Can you share a resource to lean about using the comb filters?


----------



## TonalDynamics (Sep 21, 2021)

JohnG said:


> I use Zebra in scores constantly. And Omnisphere and Diva and….
> 
> u-he and Spectrasonics are excellent, whether you’re a beginner or old hand.Some people denigrate synths as for being too “old.”


Yep, and then 30,40,50 years later, everyone is fighting on the internet about which piece of software more PerFectLy recreates said synths

🤦‍♂️

Like the poet said, "Everything that was once old inevitably becomes retro-cool again"
(Tolstoy?)


----------



## JohnG (Sep 21, 2021)

Living Fossil said:


> When Zebra2 was released, it didn't had exactly the actual filters yet, there were some updates; and later, the xmf filters were added (and later, even more filters – those from either Podolski or Tyrell – were added).
> But it already had that sometimes "grainy" organic sound in the first release which i think relates to the way the oscillators are implemented. They have really quite a very special sound.
> The interesting thing is, you can use Zebra with its (updated) original filters, with the xmf filters, the Tyrell/Podolski filters and (in ZebraHZ) the different Diva filters, or even without any filters (in Zebralette) and it will still maintain lots of its personality.
> 
> But i agree that the filters add a lot to the sound personality in this synth...

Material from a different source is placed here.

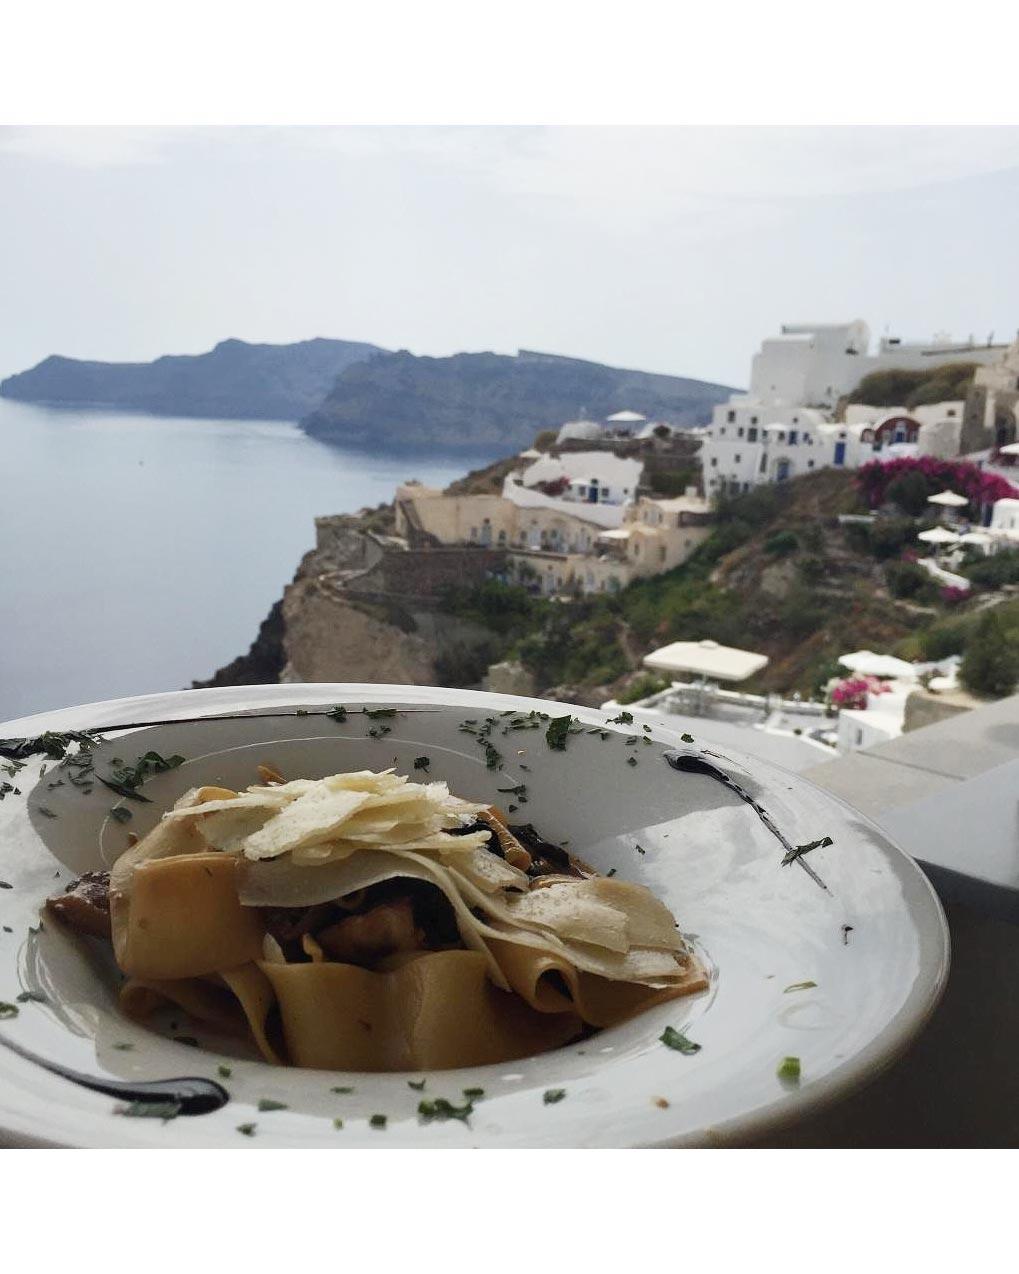 mediterranean-adventure-unforgettable-meal-0216.jpg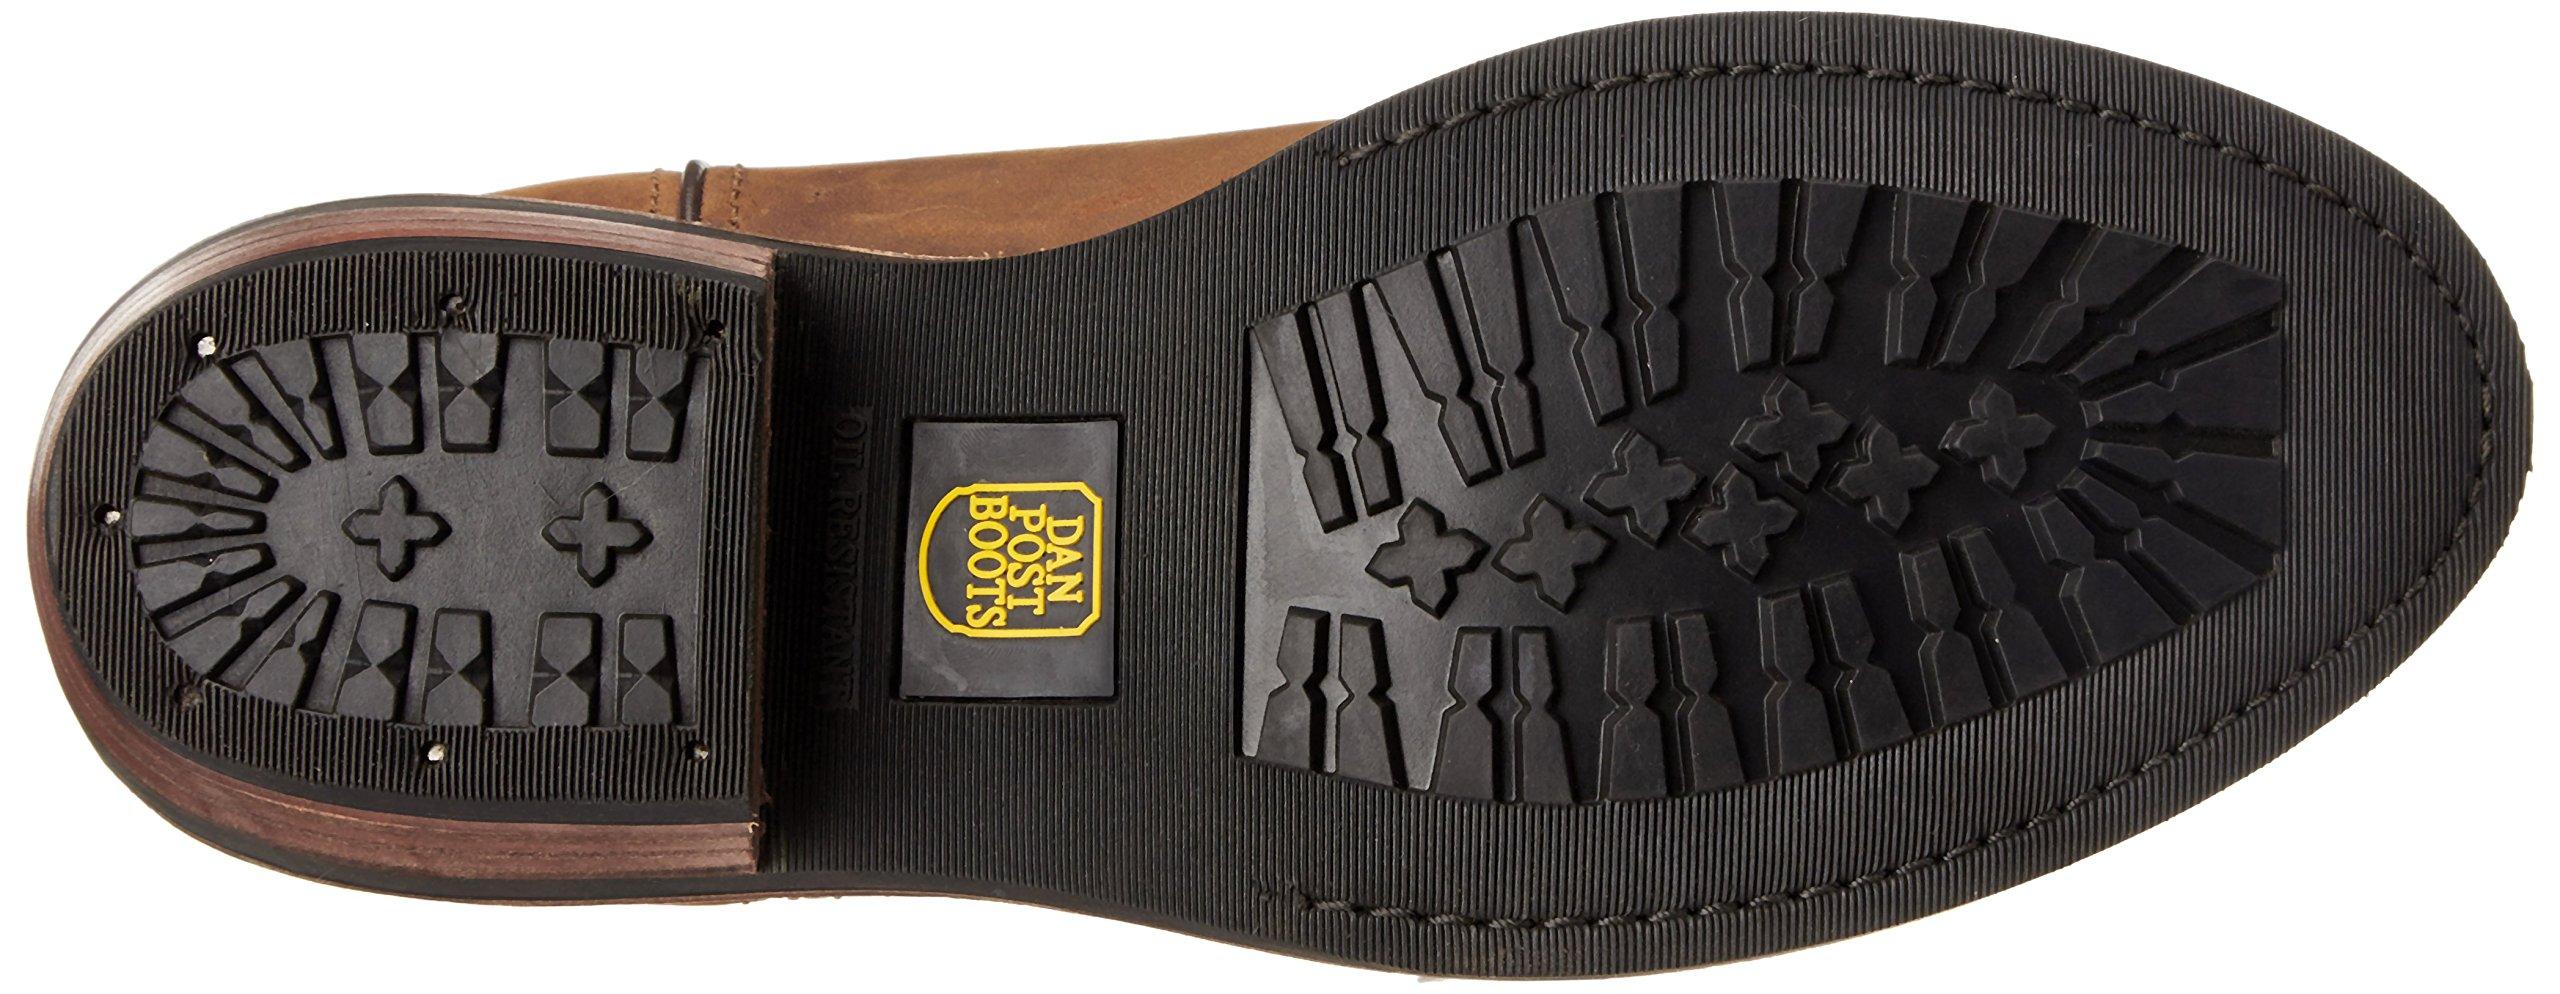 Dan Post Men's Albuquerque Waterproof Boot,Mid Brown Oily,11  EW US by Dan Post Boot Company (Image #3)

I adore Diva. IDK what exactly are the differences in the filters, but Diva has some serious punch.

Still love Zebra / ZebraHZ


----------



## JohnG (Sep 21, 2021)

KEM said:


> I don’t think I’ve ever even used the regular Zebra, I bought HZ with it and I’ve only ever used that version


I use both but HZ more often.


----------



## Dirtgrain (Sep 21, 2021)

You can find (ctrl-f) several tutorial videos that feature the comb filters here: https://u-he.com/community/tutorials/zebra2-tutorials.html


----------



## TonalDynamics (Sep 21, 2021)

JohnG said:


> I adore Diva. IDK what exactly are the differences in the filters, but Diva has some serious punch.
> 
> Still love Zebra / ZebraHZ


I immediately fell in love with Diva the first time I heard it (guess that's 8 years or so ago by now), and it took me about 5 minutes to realize there was something very special going on in the sound engine, oscillators and filters.

If I had to use four words to describe what Diva sounds like to me, I'd have to say:

Clear, precise, rich, and colorful.

It also tends to not be overpowering somehow in the low-end (I am not a pro sound designer, this is just based solely on my observation), which can tend to plague a lot of V.I. synths

To this day it never lets me down and is my go-to synth for quick electronic inspiration

Truly a modern classic in my book


----------



## Bman70 (Sep 21, 2021)

Pier said:


> Can you share a resource to lean about using the comb filters?


I just found out that Omnisphere has comb filters but they're called Metal Pipe and Resonator. Does amazing things to a saw wave, I'll have to experiment more... (in preparation for Zebra2 haha)


----------



## Pier (Sep 21, 2021)

JohnG said:


> I adore Diva. IDK what exactly are the differences in the filters, but Diva has some serious punch.
> 
> Still love Zebra / ZebraHZ


ZebraHZ includes all the Diva filters.

Zebra (non HZ) has some great filters too. The LP Vintage2 is amazing, specially when overdriving it. The manual says:



> CPU-intensive version of LP Vintage, capable of self-oscillation.


----------



## KEM (Sep 21, 2021)

Pier said:


> Can you share a resource to lean about using the comb filters?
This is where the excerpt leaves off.